* [WHAT TO PRODUCE]:
Directions for the data below: repeat exactly the lines from the one with "Alesha Dixon teased" through the one with "Wooden Round Rotating", both included, and omit all pictures.

* [DATA FOR ANALYSIS]:
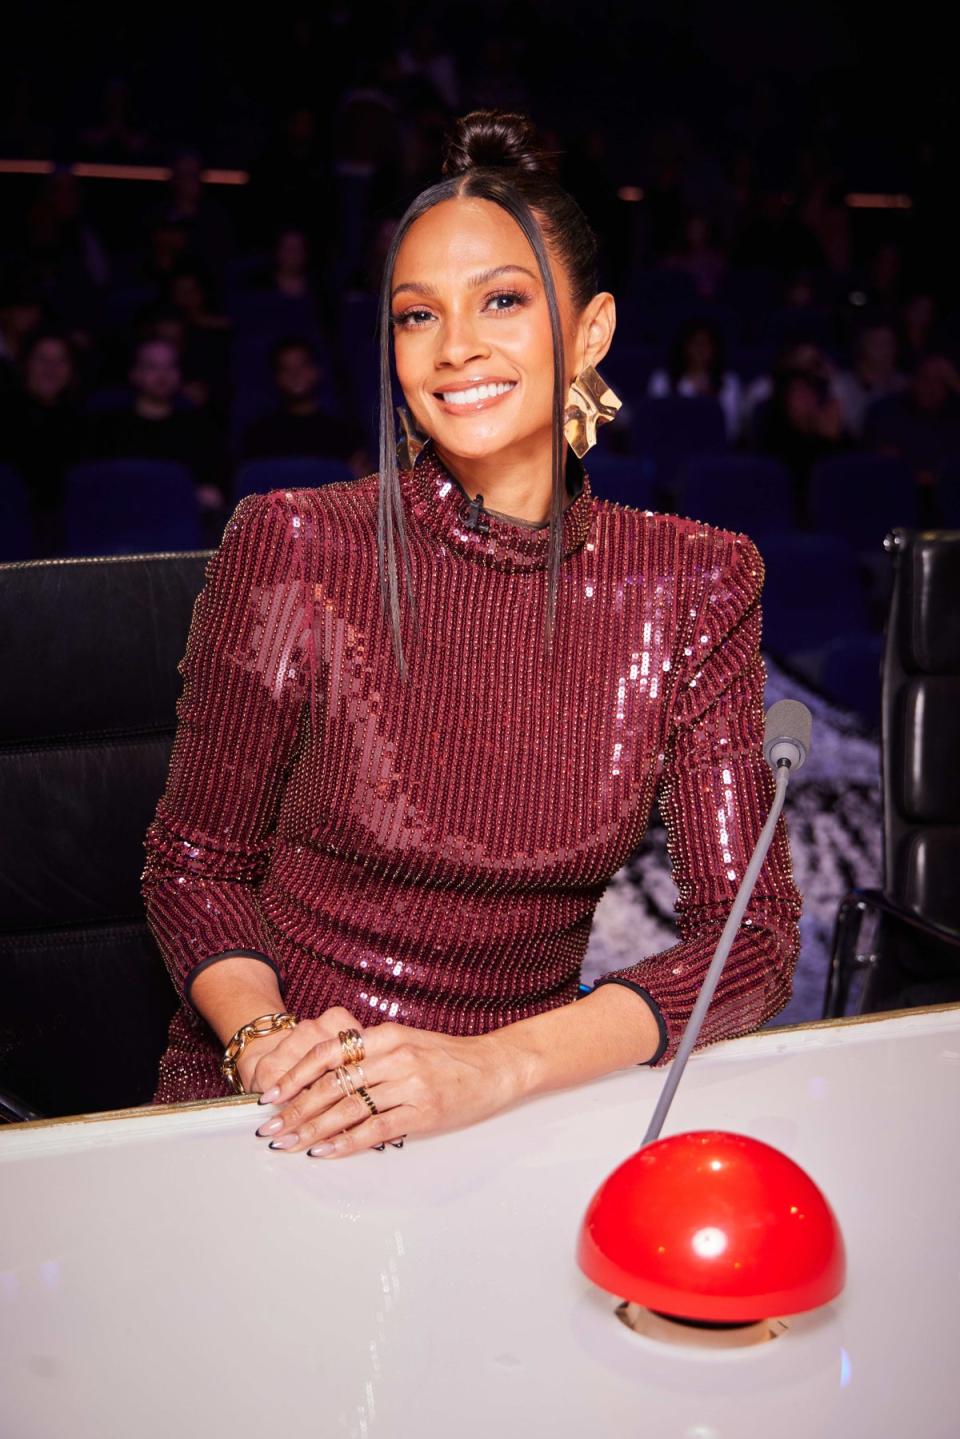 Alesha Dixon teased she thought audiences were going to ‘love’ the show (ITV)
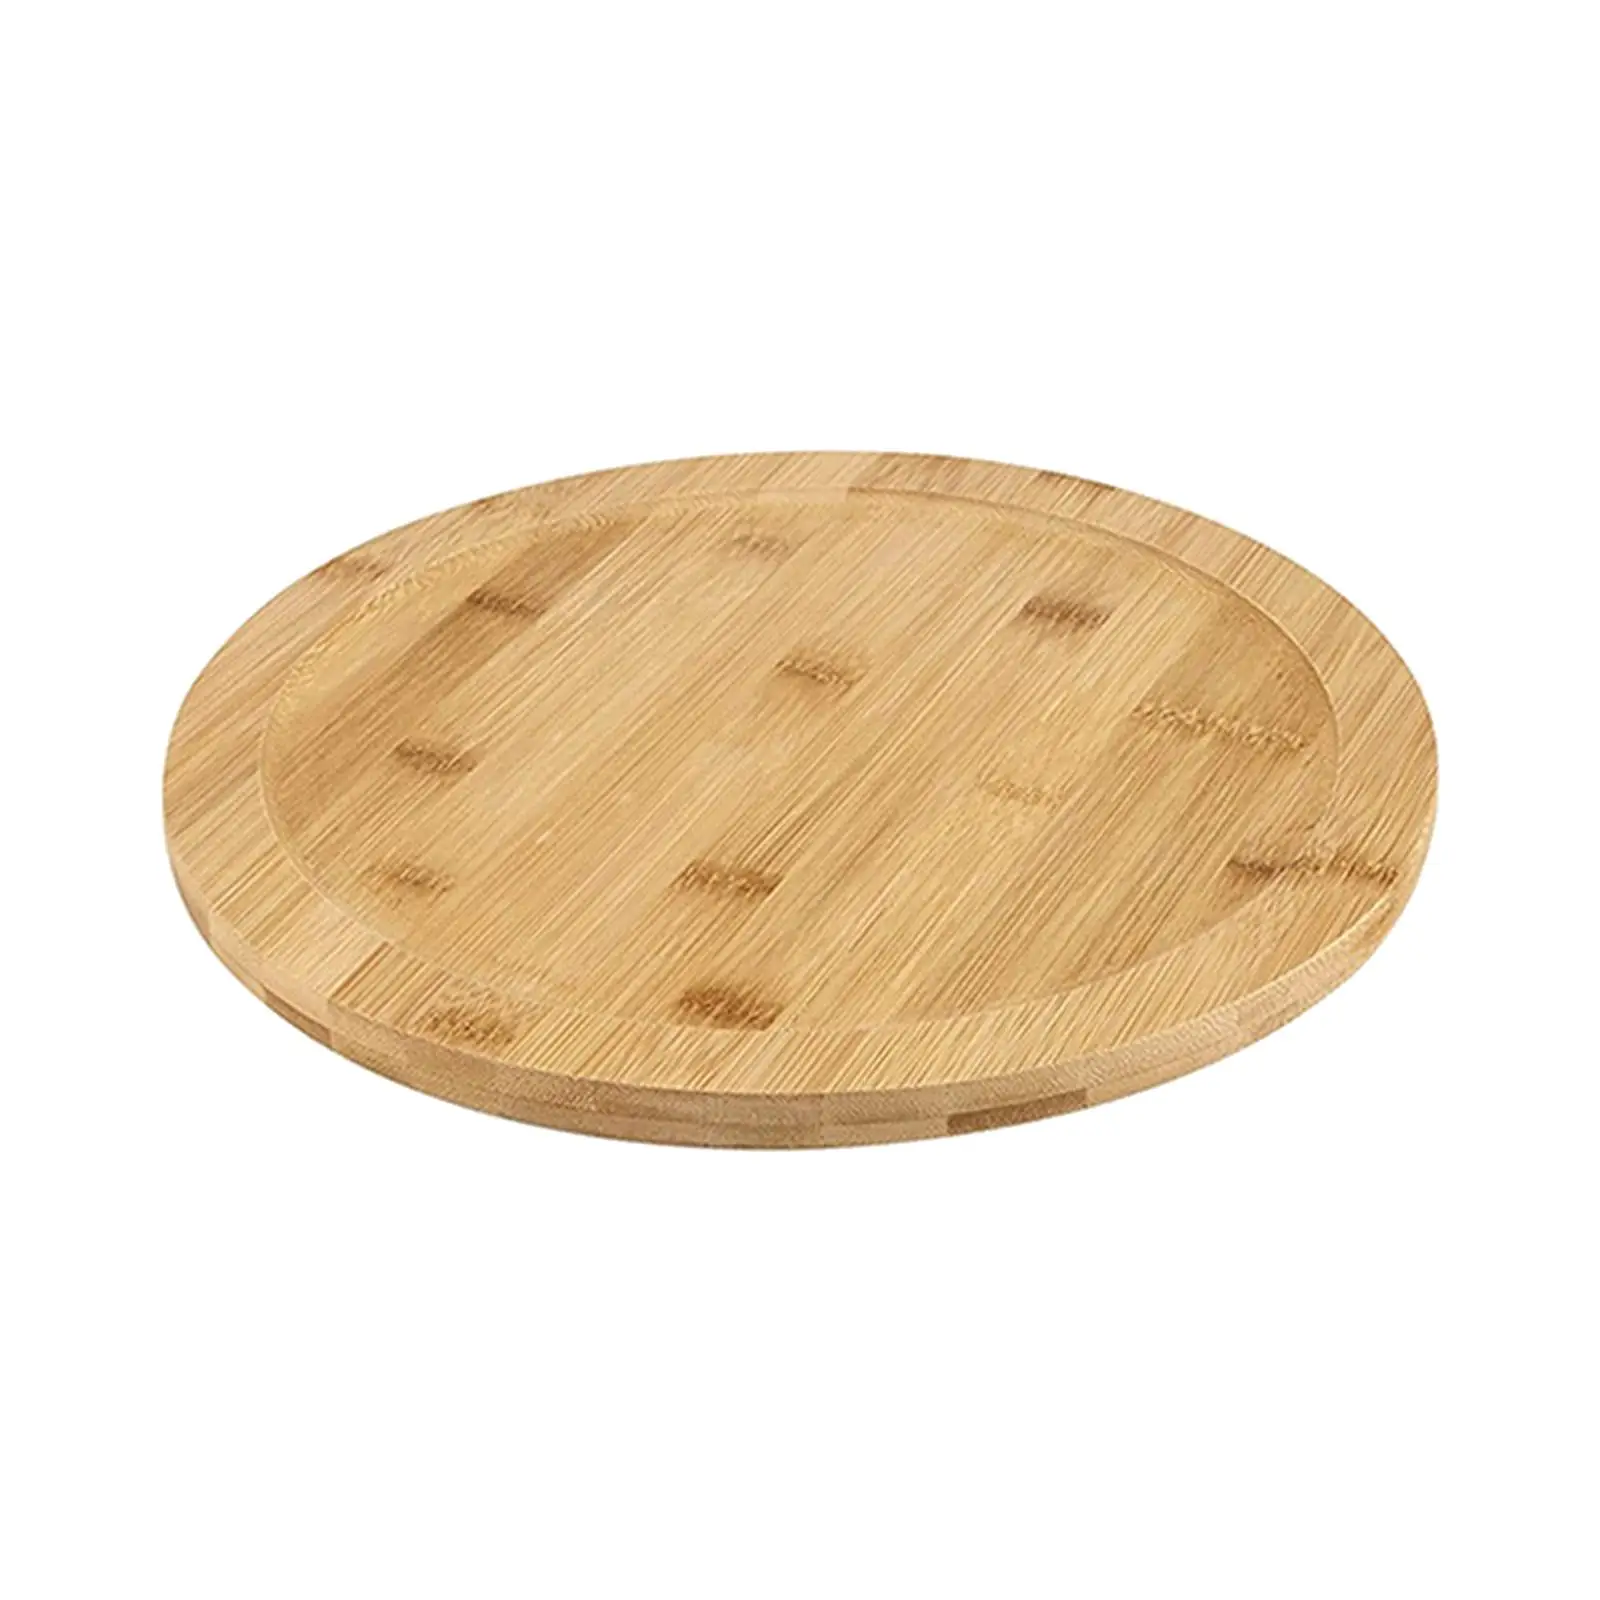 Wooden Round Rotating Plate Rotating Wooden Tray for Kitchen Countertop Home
---
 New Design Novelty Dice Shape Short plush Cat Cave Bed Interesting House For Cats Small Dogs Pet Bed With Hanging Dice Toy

* [RESPONSE BELOW]:
 Alesha Dixon teased she thought audiences were going to ‘love’ the show (ITV)
 Wooden Round Rotating Plate Rotating Wooden Tray for Kitchen Countertop Home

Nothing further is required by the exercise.